Saturday, March 10, 2018
I think this is terribly important, but I’ve never seen it described. So, in a few minutes, I’ll share what I think.
Almost animals have memory, save perhaps the simplest single celled organisms. We think plants have a form of memory as well. There’s nothing uniquely human about memory.
Imagination is less common. It’s not uniquely human either; crows, wolves, cephalopods, cetaceans, primates — they all have some form of something that looks like imagination. We think humans have much more of it though. We can create memories of things that have not happened or did not happen. Imagination is a form of ‘false memory’ that we know to be false.
Except … when we don’t know it to be false. And there lies a problem — but I’ll come back to that.
When did humans develop the ability to create false memories and know them to be false? We think it is older than what we call “human” now — we think our fellow modern hominids, Neandertal, Denisovan and more had well developed imaginations. We suspect we have more of this talent though, and that we might have picked up additional abilities as recently as 50,000 to 75,000 years ago.

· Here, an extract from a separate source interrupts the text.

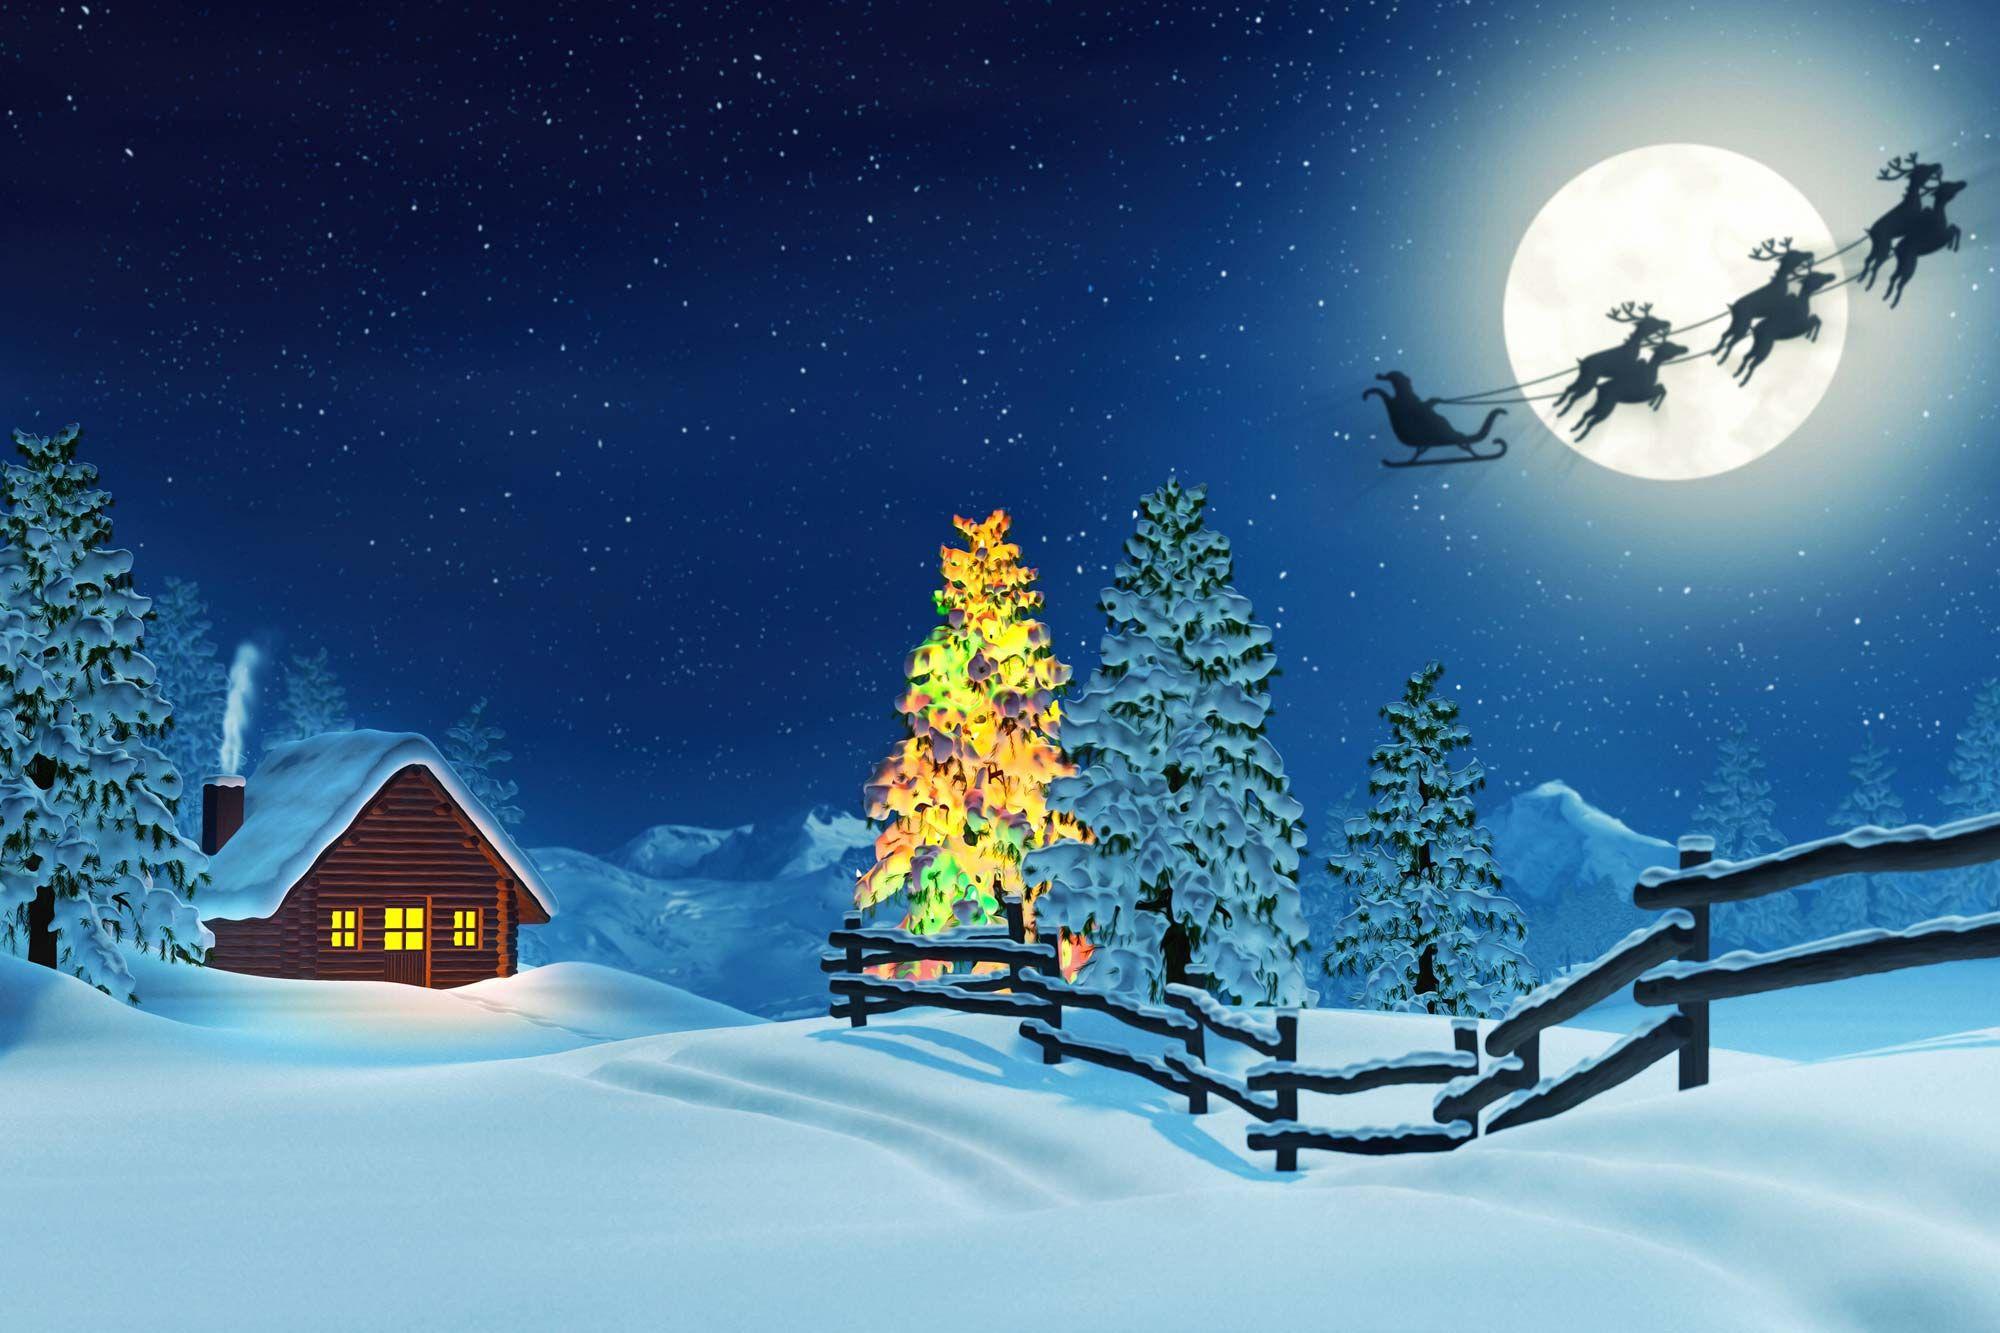 Julen lämnar ingen oberörd. Antingen älskar men den, eller så vill man helst hoppa över hela december. Här fokuserar vi på julälskaren. Känner du igen dig på minst 15 av dessa punkter, ja då är du förmodligen galen i julen!

That’s very recent evolution, so it’s not surprising that, like strength and height, imagination might vary among people. It might vary in the ability to create “false” memories, and, perhaps independently, in the ability to know them to be false.

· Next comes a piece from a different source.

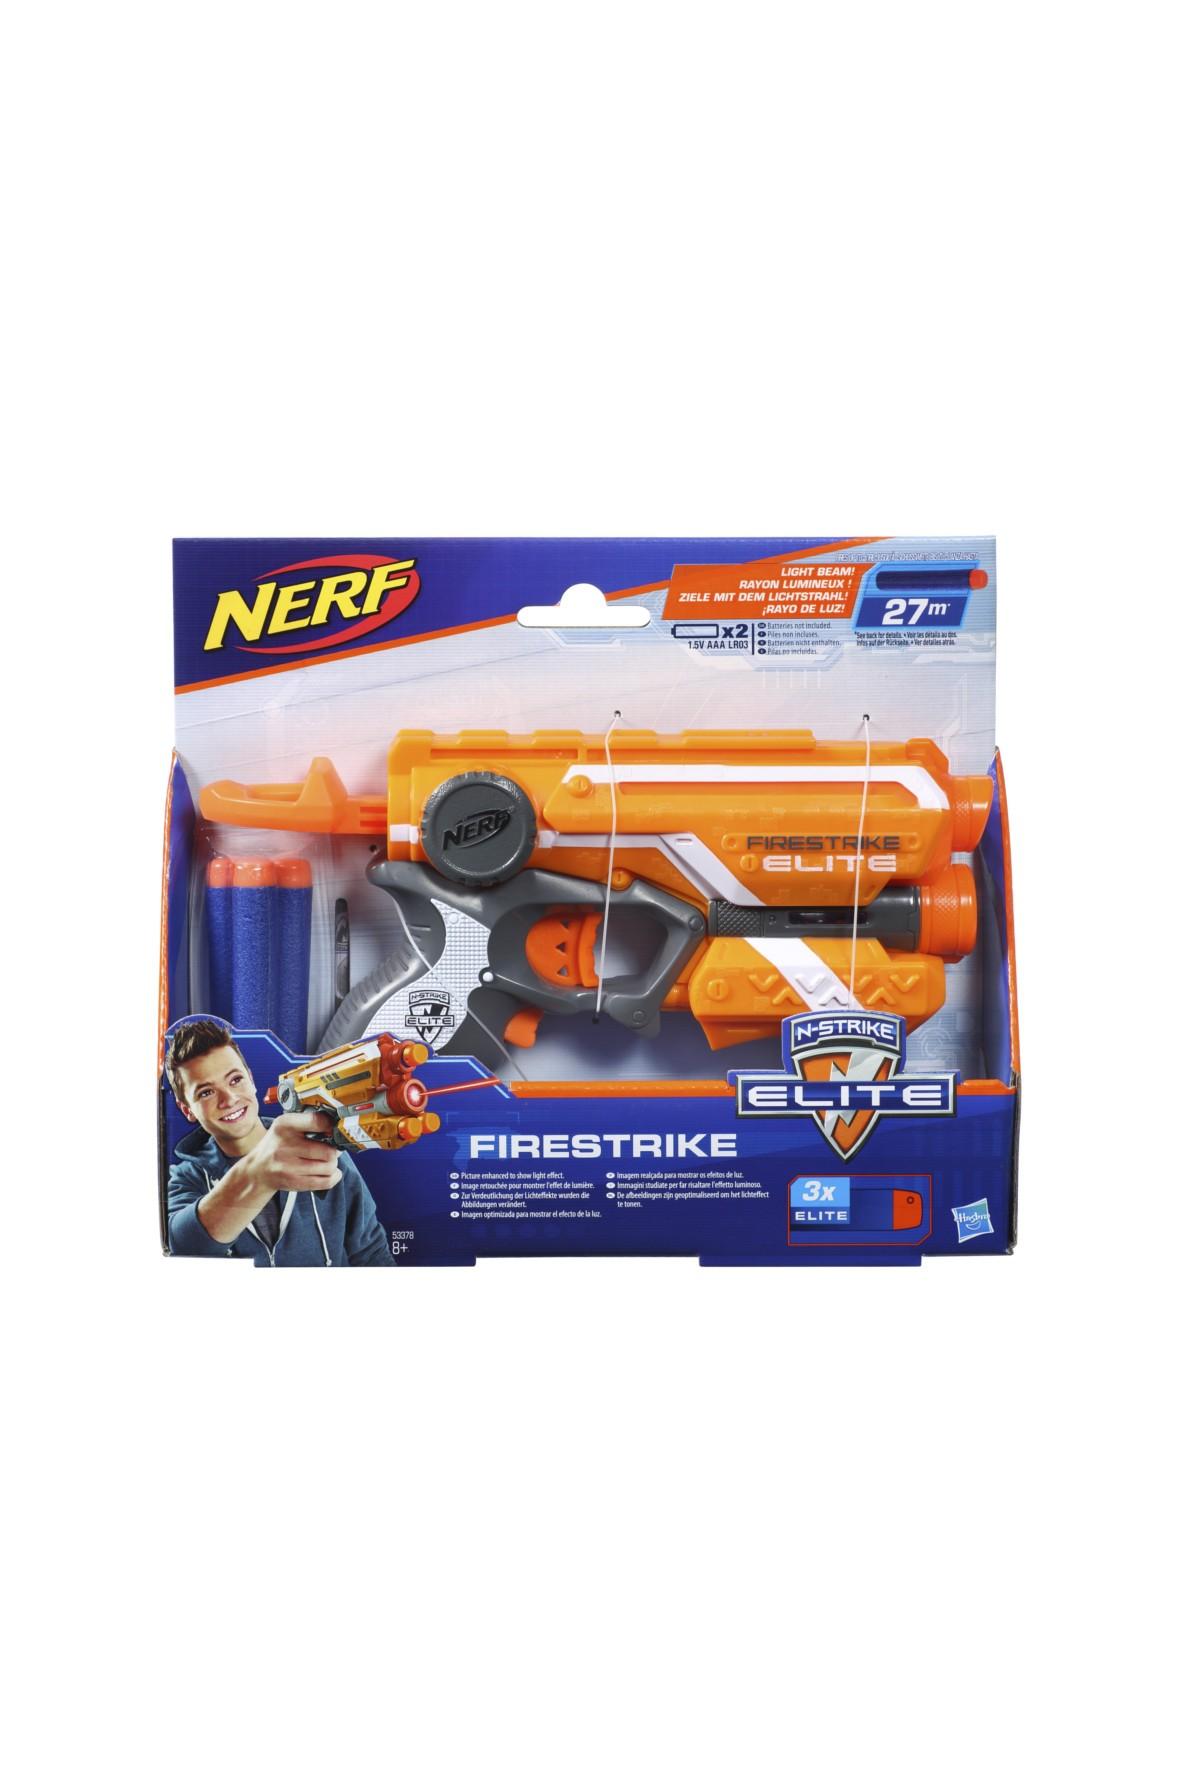 Nerf Elite Firestrike 8+

The latter variation is key. We know from research over the past forty years that it is relatively easy to create false memories in many people, but we also know that some study subjects, typically healthy university students, are more resistant to false memories than others. If we consider imagination as the generation of false memories that we know to be false, then similarly some people will be better at retaining the knowledge of what happened versus what they imagine happened.
So we know this ability to divide imagination from memory varies. It is plausible, and it fits my own experience, that people with “connectopathies” and other cognitive disabilities may have not only more limited imaginations, but also more difficulty separating the memory of what is imagined from all other memory.
I have seen this in someone close to me. When he was a child I would be upset that he was not telling me the truth, but over time I have come to believe that for him memory and imagination are inextricably blurred. What he imagines, what he wishes to be or have been, is poorly separated from what has been. There is just enough separation, I think, to create anxiety or agitation around the recall of false memory, but not enough to tell what is true memory and what is imagination.
I don’t think this problem is unique to persons with an IQ below the 5th percentile. I suspect it’s true for very many people, and it may explain why so many today are susceptible to novel kinds of media manipulation.
It’s a problem we need to research and understand both for persons with cognitive disabilities and for our society.